Tim-1-Fc inhibits the number of effector T cells. A: Flow cytometry analysis of lymphocytes in the periphery blood of T-bet^-/- recipients. Tim-1-Fc treatment significantly reduced the number of CD44^hiCD62^low effecter T cells. B: Flow cytometry data for regulatory T cells. Addition of Tim-1-Fc did not affect the number of regulatory T cells. All experiments were conducted with 3 replications. *, P<0.01.

Figure 4

The impact of Tim-1-Fc administration on DC number and maturation. A: Tim-1-Fc treatment did not result in a significant change for the number of splenic DCs and MHC II expressions. B: Flow cytometry data for CD80 and CD86 expressions. Data are a representative of 3 independent experiments conducted.

Figure 5

Tim-1-Fc suppresses Th17 cell differentiation. Bm12-derived cardiac grafts were implanted into T-bet^-/- recipients, and Tim-1-Fc or control IgG were administered as described earlier. The recipient mice were sacrificed 14 day after transplantation, and splenic T cells were prepared for flow cytometry analysis of Th17 production.
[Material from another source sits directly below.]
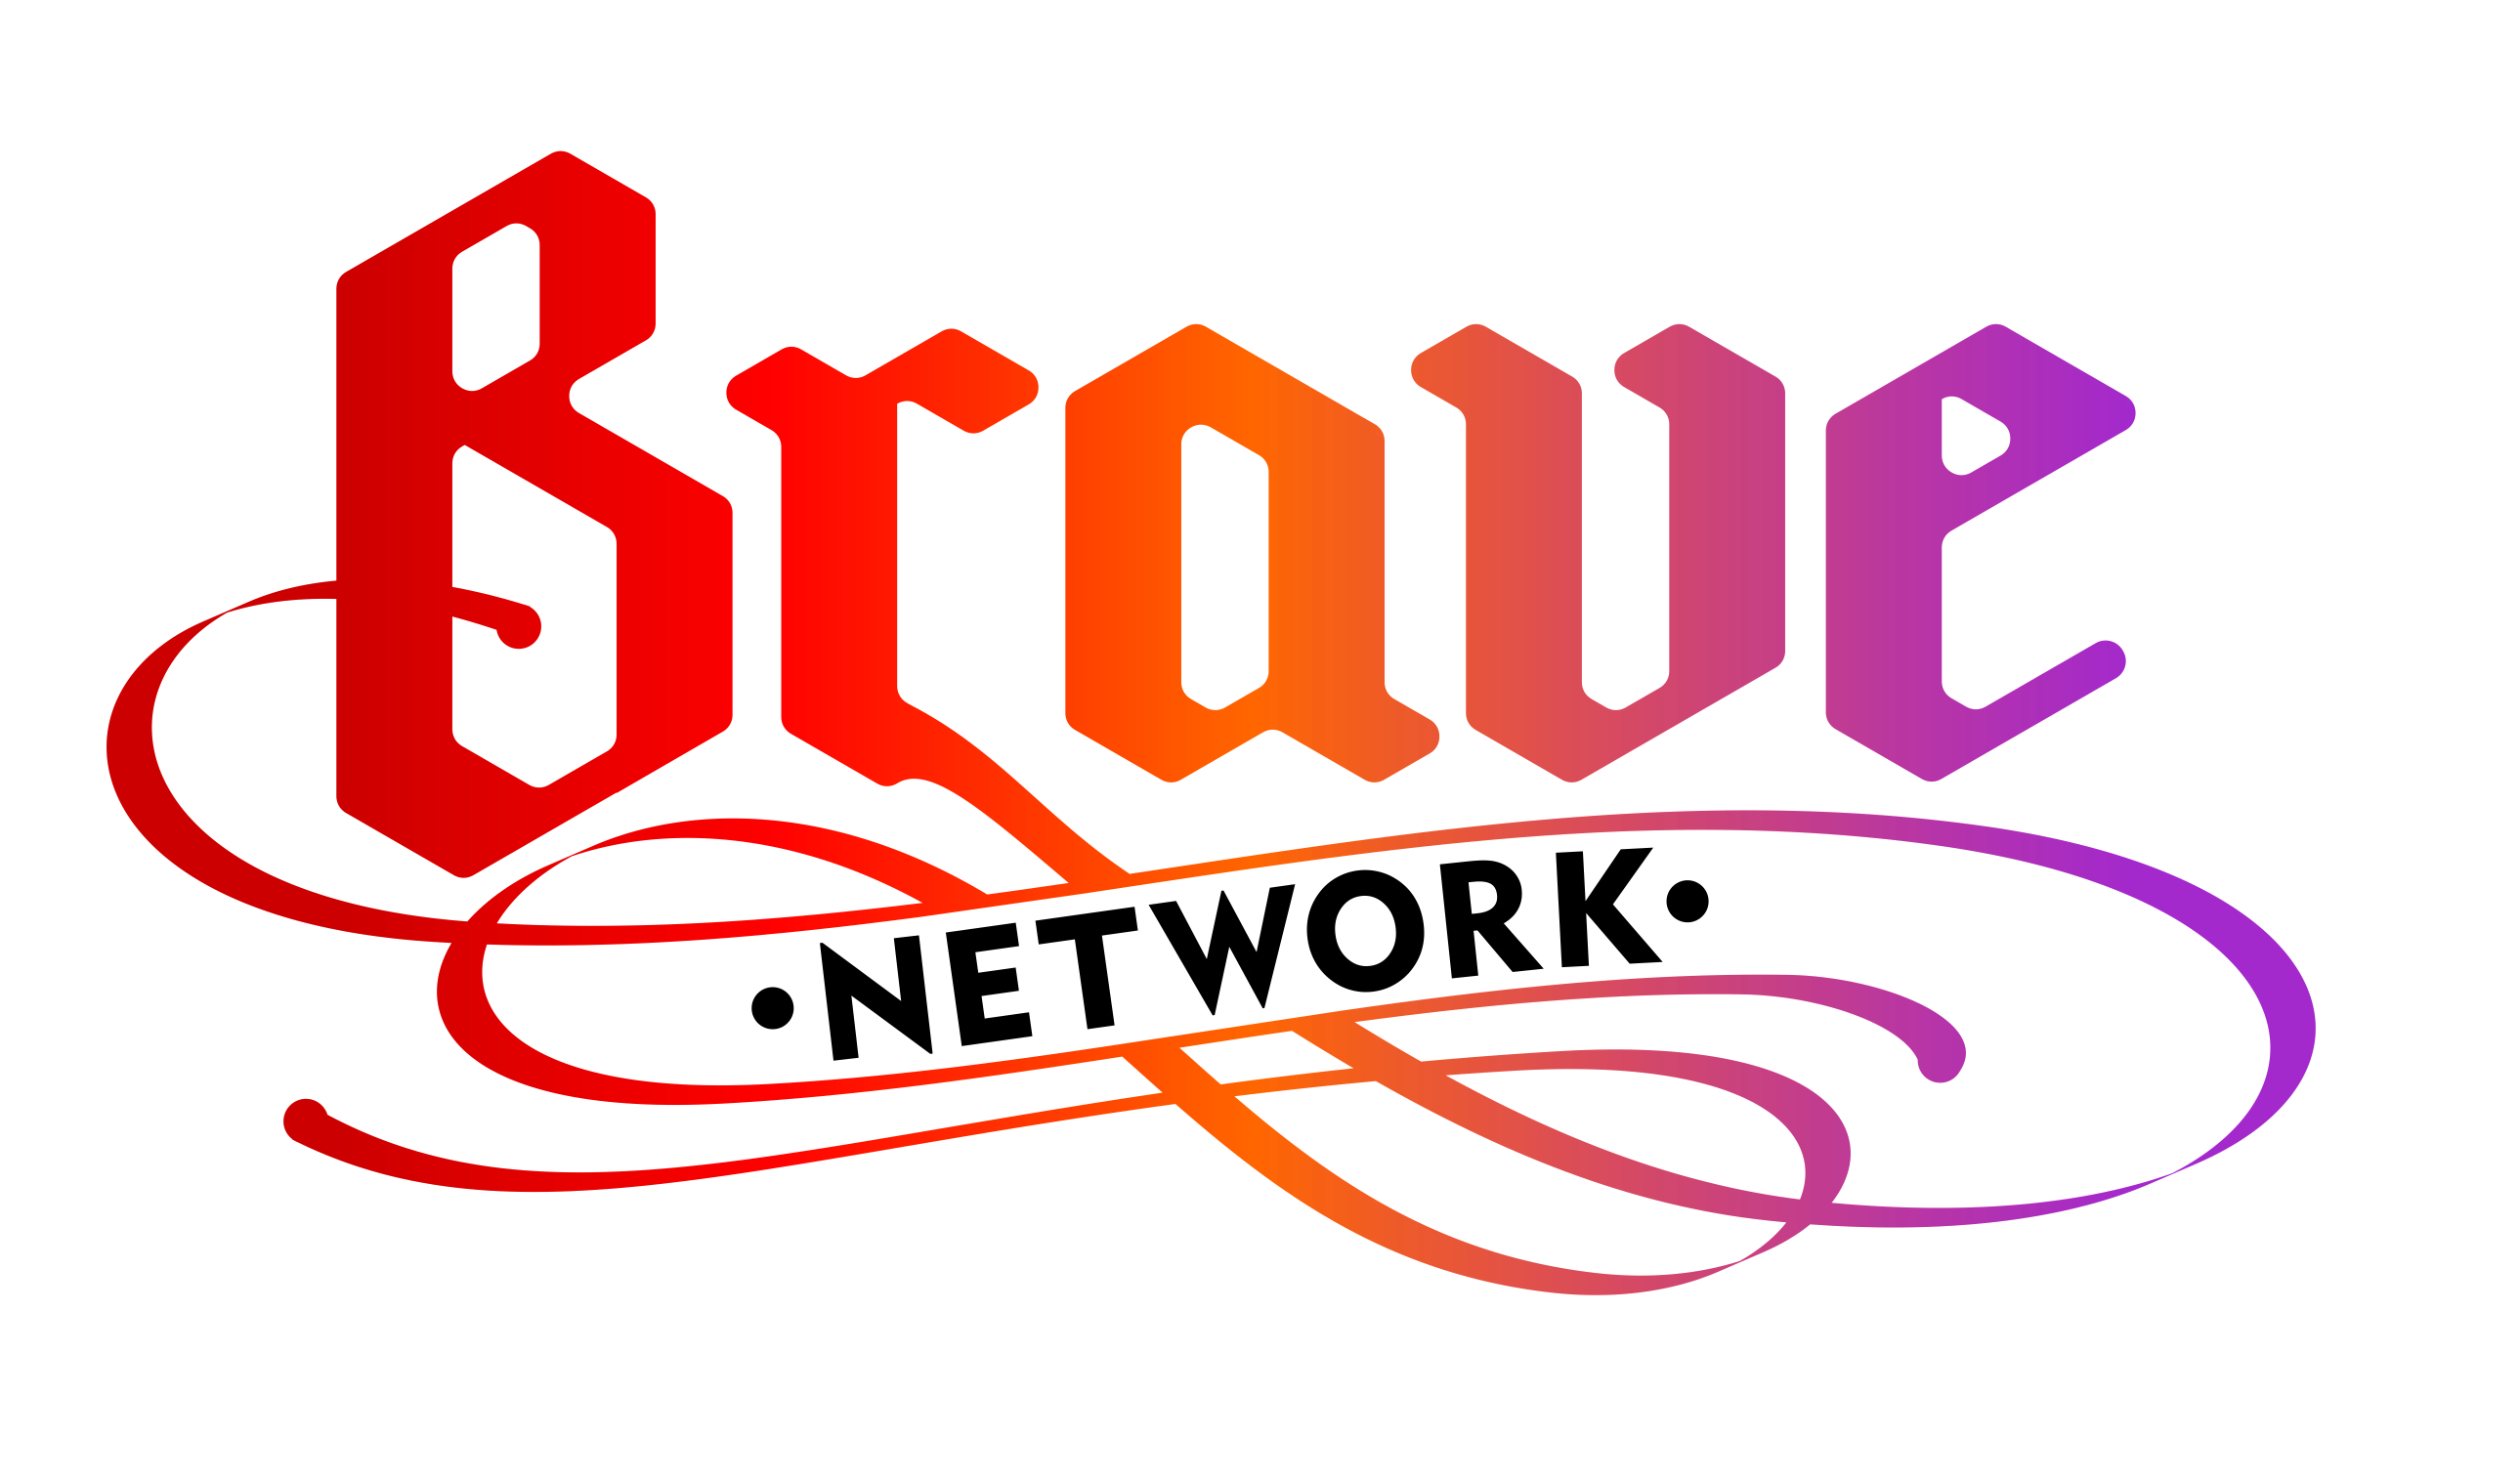 Brave Network

A: Results for IL-17 producing Th17 cells. Splenic T cells were stained for CD4 and then co-stained for IL-17, IL-4 and IFN-γ, respectively. A significant reduction for CD4 Th17 cells was noted in Tim-1-Fc treated recipient mice. B: Results for flow cytometry analysis of IL-17 producing CD8 T cells. The above prepared splenic T cells were first stained for CD8 and then co-stained for IL-17. Staining of CD4 Th17 cells was used as a control. No detectable change was noted for IL-17 producing CD8 T cells. C: Tim-1-Fc dose-dependently suppressed the production of CD4 Th17 cells. CD4 naive T cells were cultured under Th17 condition in the presence of different doses of Tim-1-Fc or control IgG for 3 days, and then subjected to flow cytometry analysis of Th17 production. D: Tim-1-Fc attenuated DC induced Th17 differentiation. CD4 naive T cells were induced for Th17 differentiation with DCs in the presence of Tim-1-Fc or control IgG as described. All data are shown as means ± SD of 3 independent experiments conducted.

Figure 6

Tim-1-Fc confers protection against cardiac rejection relying on its effect on CD4 Th17 cells. A: Depletion of CD4 T cells diminished the protection conferred by Tim-1-Fc treatment. T-bet^-/- recipients were depleted for CD4 T cells and then implanted with Bm12-derived cardiac grafts along with administration of Tim-1-Fc or control IgG as described (n=5 for each study group). B: Administration of Tim-1-Fc provided protection for cardiac grafts against rejection in CD8 depleted T-bet^-/- recipients (n=5 for each study group). C: Results for intragraft cytokine expressions by real-time PCR. Data presented here are means ± SD of 3 independent experiments. D: Neutralization of IL-17 completely abolished the protection conferred by Tim-1-Fc (n=5 for each study group). IL-17 was neutralized with a mAb in T-bet^-/- recipients after receiving Bm12-derived cardiac grafts along with treatment of Tim-1-Fc or control IgG as described.